Its dumpin' oustide tonite, the wind is blowin' and well its COLD!! Being from North Dakota yes I am use to this weather...however living on a mountain...it usually just snows and snows and then snows some more...even for living 4,000 feet above sea level this weather is crazy for us. Its the kind of weather where you are glad you have 4 wheel drive. The kind of weather where there is NO REASON to leave home...and if you do you wonder the ENTIRE TIME...what was I think of ever leaving home?? HOWEVER it will make for prime skiing conditions tomorrow...so we battle through the night hoping we are left with an amazing gift come morning...POW POW!!

Tonite I was reminded just how easy I trust...and well prolli should start backing that trust up with something before I just jump two feet full force into that very trust. So there you are jumpin', and not only do you jump but you get excited to jump and then...bang...you smack right into a brick way and the arms of trust you thought were goin to catch you ...are NO WHERE to be found...And you say to yourself...funny hahaha or jajaja jokes on me...I should have known better...there's a reason why you didn't do it before and know that reason has fully and completely exposed itself...People are meant to take chances, they are meant to lay themselves out there....with just trust, faith and hope...

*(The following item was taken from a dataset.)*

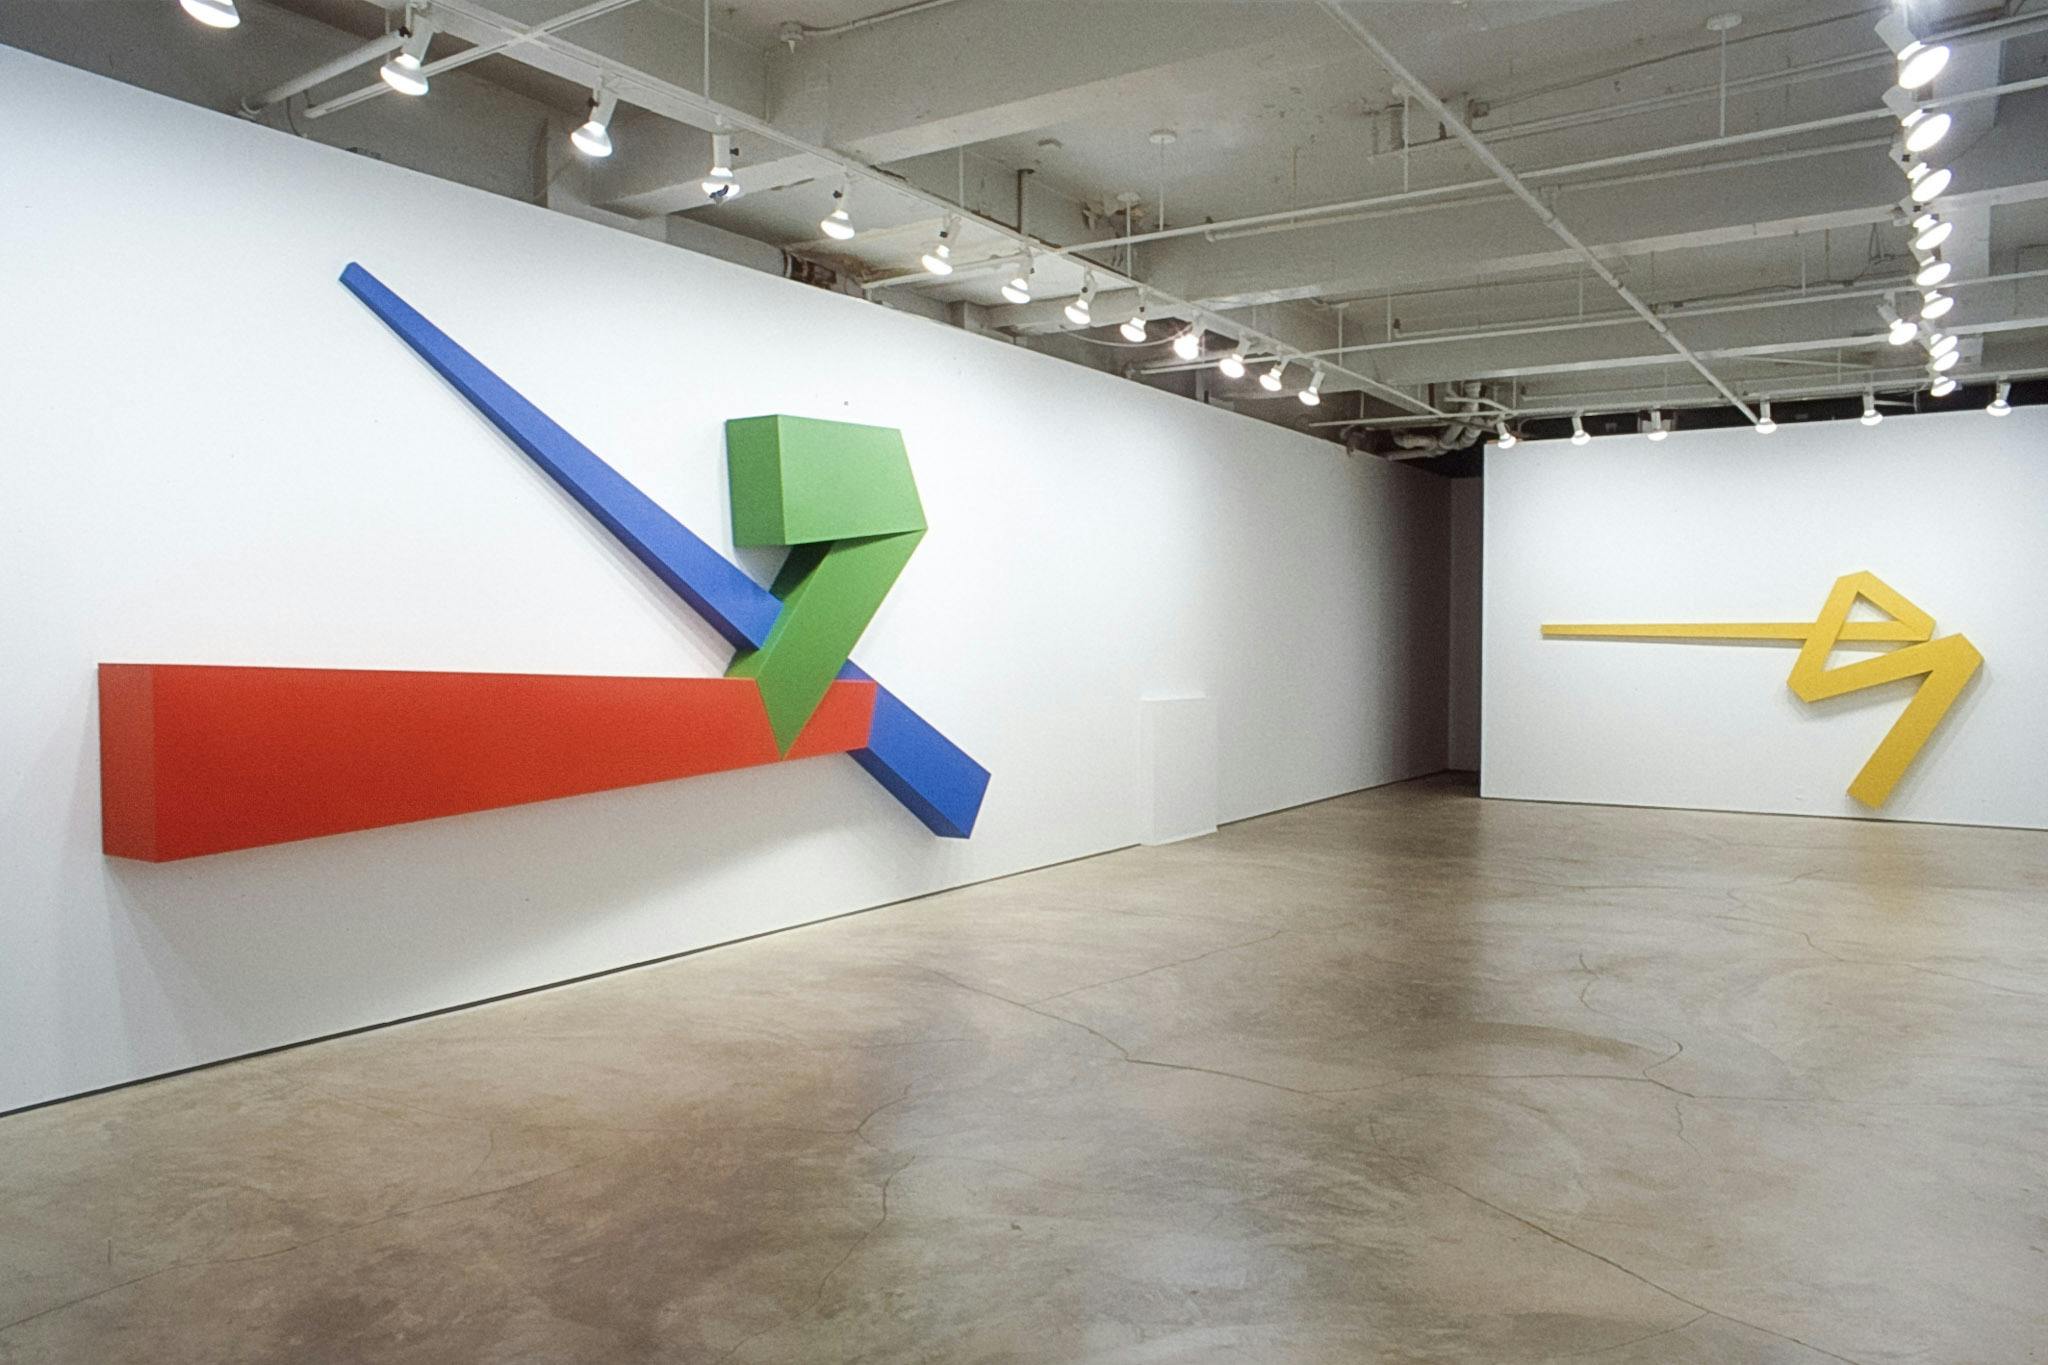 Two geometric sculptures are installed on the gallery walls. The left piece includes figures and straight lines in vivid red, green and blue. The piece on the right is yellow and resembles an arrow.

Don't get me wrong I do-do this...but I have found out there is a reason why I don't do it in ALL corners of my life. Because I know better...there's some things you must fully know what you are getting yourself into...and for sure it will or will not happen. Due to past experiences I have developed a hard shell...aka I am a brick wall builder. And its funny how each time I think its time to take a wall down something proves me wrong..or shall I say right...I have realize more than ever tonight that I am this quote...and there's a good chance I always will be..."Maybe some women, aren't meant to be tamed. Maybe they need to run free until they find someone just as wild to run with them." I love this quote and you know what I am kind of happy to be someone that fits into just that...however...I realize that so many just want me to find someone who will tame my wild side...but you know what...I think by now its a side that will never be tamed...its just a side of my that must be embraced and met. I am looking for someone who will laugh with me, who sticks by their word, who loves me for me...and doesn't want to change anything about me, someone who just wants me...all of me...my untamed side, my unsure side, my goon side, and even my quiet side. Someone that says you are all I have ever wanted and needed. Someone who will let me run...and they run right with me. Well I have yet to be with that being...maybe I will find him...maybe I won't....but I know...that if I settle..than I would only be living half of me-half of a life...so here's to finding someone that will run with me...because there's a great chance that I won't stop for him to catch up...will I slow down...well its all depends on who is tryin to run with me.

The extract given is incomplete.